Residents revive fight against cell tower
More than 200 objectors along with the Bermuda Environmental Sustainability Taskforce are opposing a second attempt by Digicel Bermuda to obtain planning permission for a mobile cell tower in Devonshire.
The communications company’s earlier effort failed after residents appealed the Development Applications Board’s approval of the plan. Minister of Home Affairs Senator Michael Fahy reversed the DAB decision, citing that Digicel had not provided evidence that co-location with other towers was not possible.
The new application, which was received by the Department of Planning on February 13, is almost identical to the original application, objectors claim.
Digicel is requesting approval for a 65ft “cell-site on wheels” capable of extending 100ft, which it would like to see raised at 49 South Road.
This time, the company has included a co-location study, which states that the existing cell service in the area is poor and that co-location on existing towers is not feasible.
Nicole Renaud, who signed as the representative of the more than 235 objectors, along with BEST, Dr Deborah Daly and Karen Gonsalves, penned a joint letter of objection, and have asked director of planning Aideen Ratteray Pryce to copy all the documents from the first application on to the new application’s file.
They argue that Sen Fahy’s main grounds for allowing the appeal was that Digicel had provided insufficient information to show “every effort was made to utilise or share an existing support structure”.
They said: “In the new application Digicel still has not provided evidence that negotiations took place regarding co-locating, and exactly why it wasn’t feasible.”
Objectors also say CellOne’s signal strength near Digicel’s proposed site is “significantly better” than the applicants’ coverage.
“Could Digicel leverage off of the CellOne tower(s) covering this area and co-locate to achieve a better signal? If so, how much improvement could Digicel experience to their signal strength?”

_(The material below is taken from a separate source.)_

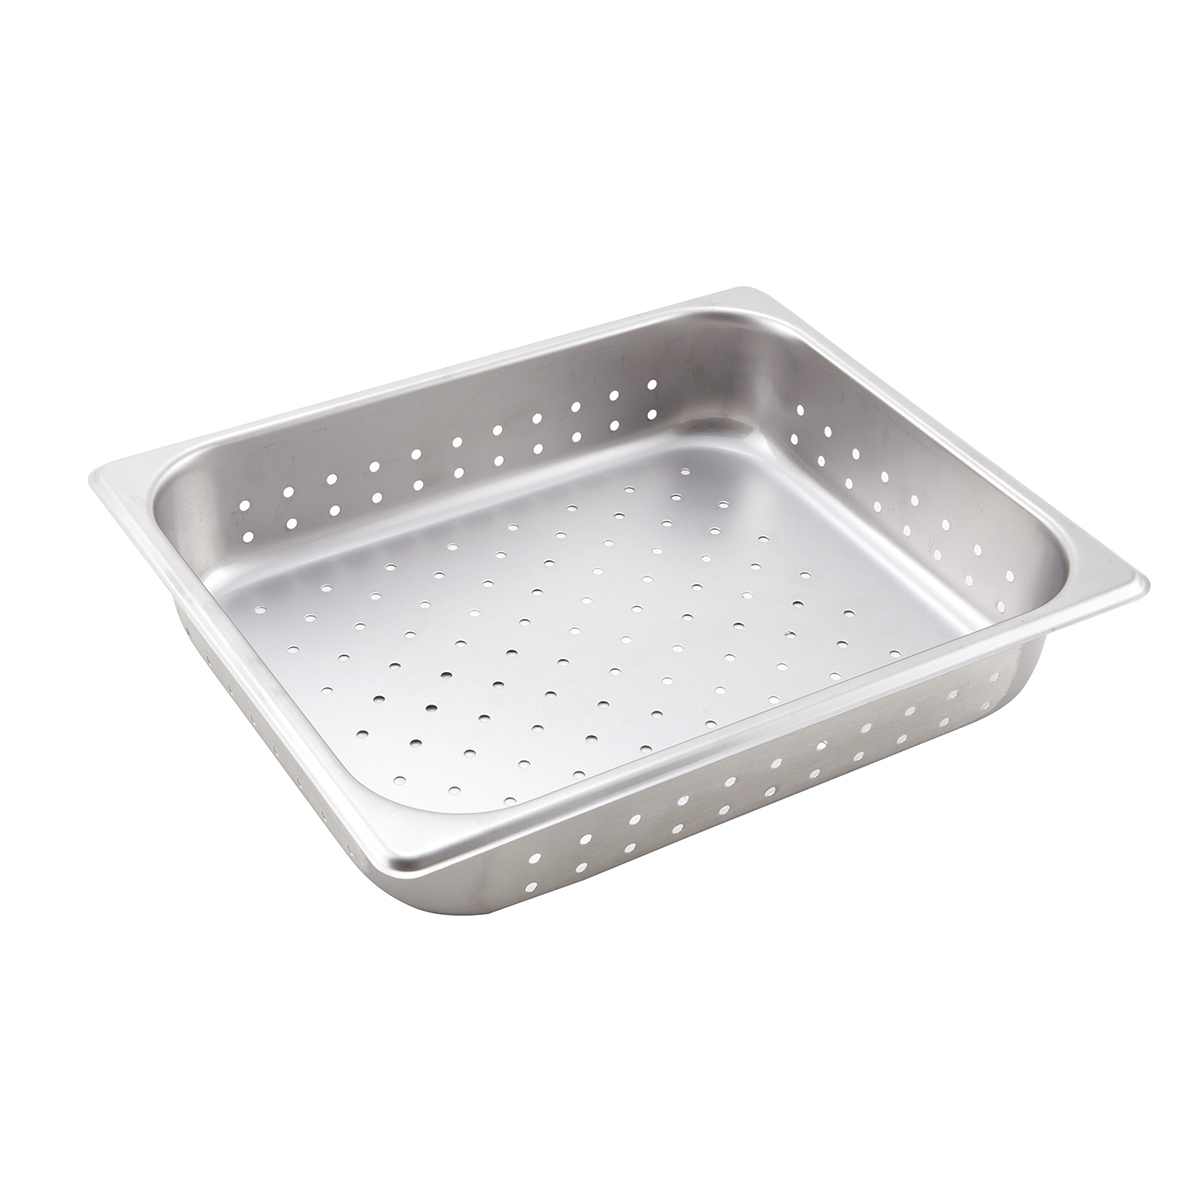 Winco Perforated Steam Pan, Half Size (10-3/8" x 12-3/4") x 2-1/2"

The objectors also asked how extensive Digicel’s research had been.
“Specifically when and how was testing conducted? Demand for voice and data services may be higher or lower at certain times of day and days of the week dependent on number of users, volume of use, et cetera,” the objectors said.
They also said that Digicel has “still not stated the real need for this tower”.
“During the hearing for application P0389/13 held on August 13, 2014, Digicel claimed that the need is based on demand from their customers due to lack of coverage in the area, however no evidence was offered to validate this,” they said.
“Are there documented reports of customer complaints? Have surveys been conducted when customers were specifically asked if they wanted to have better coverage in the area?”
The objectors said they surveyed area residents and most said they were willing to live with non-perfect coverage if it meant the tower would not be put up.
“This essentially serves as a measure of evidence to the contrary of Digicel’s claim,” they said.
The objectors also asked whether the Regulatory Authority’s spectrum reallocation, announced in December, meant that there was still a need for the planned tower.
“Wayne Caines, then CEO of Digicel, indicated there may not be in a Royal Gazette article on December 24, 2013, entitled ‘Freeing up the airwaves could do away with the need for more towers’, says Digicel boss.”
They suggested that the DAB ask the Regulatory Authority about required tower numbers.
The objectors also raised broader issues in their objection. They stated that they have noted in their previous objection: “There were no clear guidelines surrounding over-intensification as well as the fact that the most recent data describing the number of towers/masts/antennae in Bermuda was as at 2009, and ... the fact that there is no radiofrequency (RF) emissions monitoring programme in place in Bermuda.”
The DAB had asked for a guidance note that would prescribe the acceptable number of towers, and an RF monitoring plan “to ensure there is no detrimental impact caused to the public”.
The board had also requested data from the RA to track telecommunications towers and other installations throughout Bermuda, the objectors pointed out.
“None of our concerns have been addressed and none of the DAB’s requests have been actioned,” they said. “Therefore, we believe that no applications for new towers/masts/antennae, etc, should be considered until such time that this has occurred.”
The objectors also argued: “If the DAB continues to approve applications for tower after tower, we strongly feel that it will not give providers the push needed to move towards a more sustainable future for telecommunications in Bermuda.
“We, in fact, believe that denying these applications would be a positive way to encourage them to explore better long-term solutions, starting now.”